このようなデータ蓄積・統計処理には、SolitonNKのようなそれ用のシステムで、「組織のネットワーク通信全体を蓄積・定期的な状態チェック」をしておくのが良いことになります。
リアルタイム検知でなくても間に合う、対応できる
「普通でない通信」を、リアルタイムではない、定期的な振り返りチェックで見出したとしても、もう全くの手遅れではないかと思われるかも知れませんが、決してそうとは限りません。
川崎重工が受けた横展開攻撃では、海外拠点が侵入を受けた後、「本来発生しないはずの海外拠点(タイ)から日本国内のサーバへの接続を発見」して、国内拠点や日本以外の拠点への侵入を未然に防ぐことに成功しています。

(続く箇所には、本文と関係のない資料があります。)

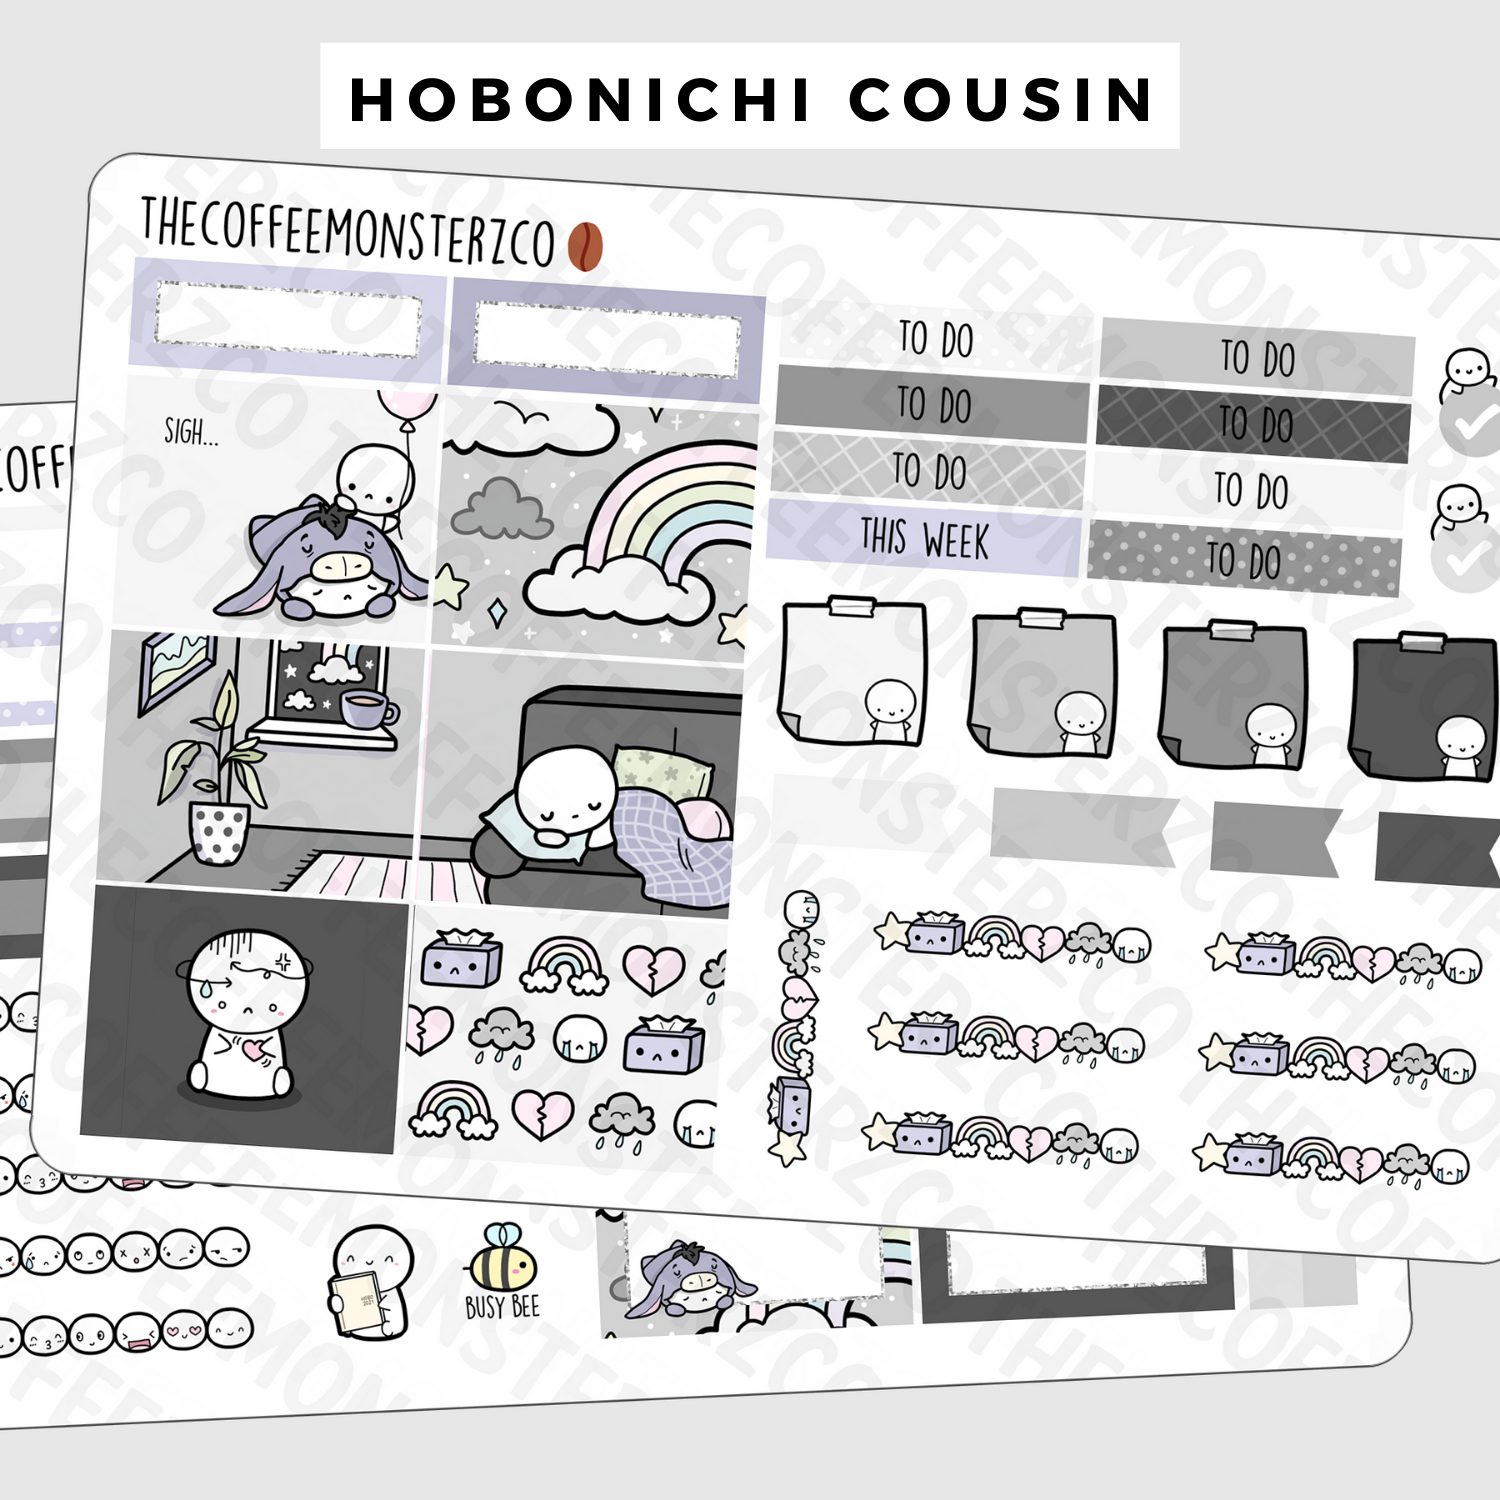 A Gloomy Week Hobonichi Cousin Kit

また、「通信のログ、端末のsyslogなどを可能な限り全て記録して分析できるように備えておく」ことによって、横展開による侵入を既に受けてしまったことが分かった後にも、その侵入を受けた範囲や、侵害された情報の特定を明らかにすることができます。NTTコミュニケーションズが受けた横展開攻撃について、NTTコミュニケーションズは侵害を受けた後に、時間をかけて詳細なログ分析を行って、その影響範囲を特定しています。
ウイルス検知ソフトや侵入検知システムでは発見する事のできない横展開攻撃に備えるために、「通常の通信状態」を把握する必要があるというのは上で述べた通りですが、ここに多くのリソースを割ける組織はそう多くないでしょう。定期的にネットワーク状態をグラフ等で可視化がなされると、簡便に一目で「通常の通信状態」を把握できるようになります。
ネットワーク可視化しよう~SolitonNKが使える
"「通常の通信状態の把握」とか言われてもなぁ、そんなの時間かけて理解する工数かけてられないよ……"
というのが、多くの人が抱く率直な感想ではないでしょうか。実はそれはそんな大仰に構える必要はないのです。まずは、一週間分、あるいは一か月分のトラフィックをまとめてグラフなどにしたものをチラと眺めるのを何回かやってみるだけでいいのです。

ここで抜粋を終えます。